Hello everyone,
The RNA-seq data from TCGA contain the Z-SCORE, instead of RPKM values. I wanted to perform analysis of TCGA data and GTEx data. But the problem is GTEx data contains RPKM and counts values. There is a tutorial explaining the Z-score calculation (http://dept.stat.lsa.umich.edu/~kshedden/Python-Workshop/gene_expression_comparison.html), but I am not sure it works for RNA-seq or it is the correct tutorial.

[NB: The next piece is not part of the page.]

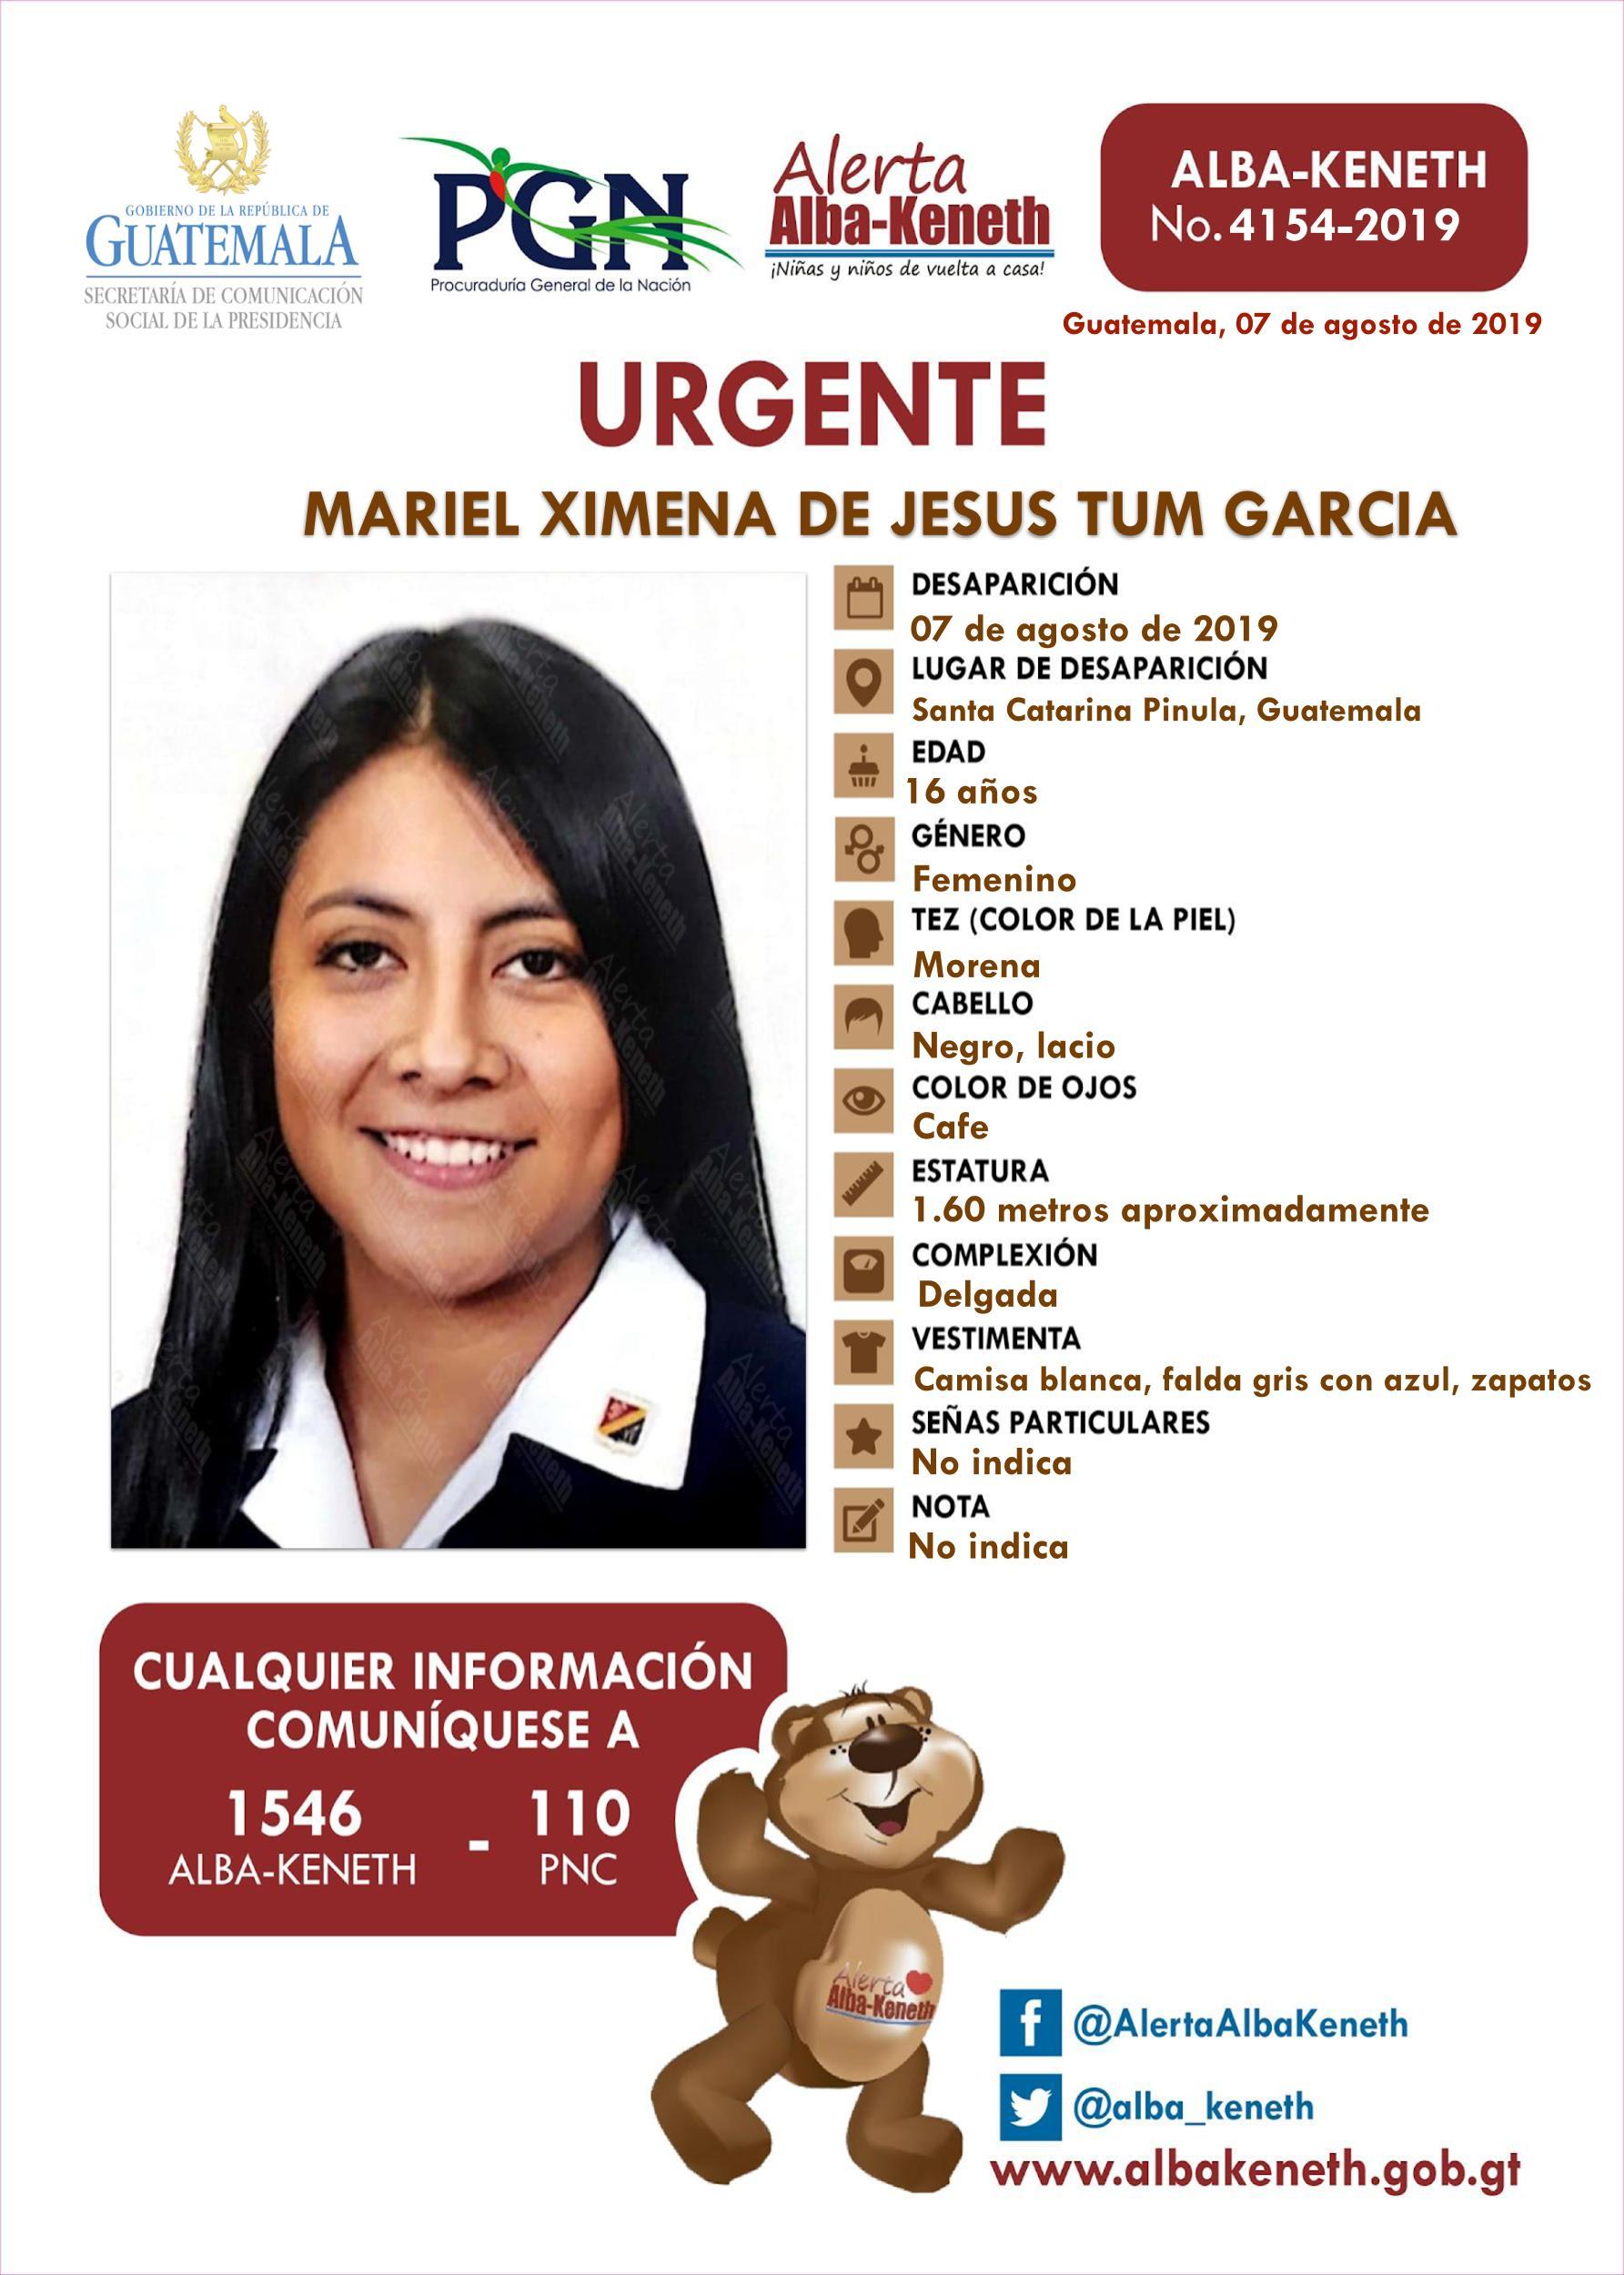 Mariel Ximena de Jesus Tum Garcia

Can someone please guide me how to calculate the z-score of genes using GTEx RNA-seq data (RPKM and count data). If possible verify the above link, is it correct code.
Thanks
Where are you downloading your TCGA data? TCGA Data Portal or elsewhere? TCGA provides 2 types of RNAseq data. The older pipeline is just called RNAseq, while the newer pipeline is referred to as RNAseqV2. Which one are you using? Both version provide the raw counts as well as RPKM for the old pipeline and RSEM scaled estimate counts for the RNAseqV2 data. These data are not z-scores. Please see this site for more details on RNAseqV2 data: https://wiki.nci.nih.gov/display/TCGA/RNASeq+Version+2
Thanks for the reply and the link.
I have download the data directly from COSMIC. Below is the head of the expression file:
I think z-score is easy to understand and explain. So, I wanted to convert the GTEx data (counts or RPKM) values into z-score. Please advised how to convert the GTEx data into z-score, I have both the reads and counts. Below is the sample of GTEx data:
Thanks
I don't use COMIC much, so I researched this a little. My thought would be to calculate the z-score like COSMIC does, but the problem is that the help file they link to for more information is broken. You may want to contact them about this. Then I found this Biostars answer by @David Fredman TCGA: What are mRNA expression z-scores? Does TCGA have mRNA expression from controls?, which I think answers your question. It looks like COSMIC uses the z-score so that they can have comparable gene expression across various platforms in TCGA; however, it is not clear if COSMIC calculated them or they were taken straight from TCGA. I think this is a good way to go since you are comparing yet another platform. However, note in the response by @David Fredman that TCGA uses the distribution of the normal tissues (sometimes!) as the control distribution. You should be careful comparing these z-scores to your data if you do not have a comparable control to use because you will get false positive results. My suggestions would be to 1) contact COSMIC to see how they calculated theses z-scores and 2) if that doesn't work out to download the original TCGA count data and calculate the z-scores yourself so that you know what is being used as the control distribution.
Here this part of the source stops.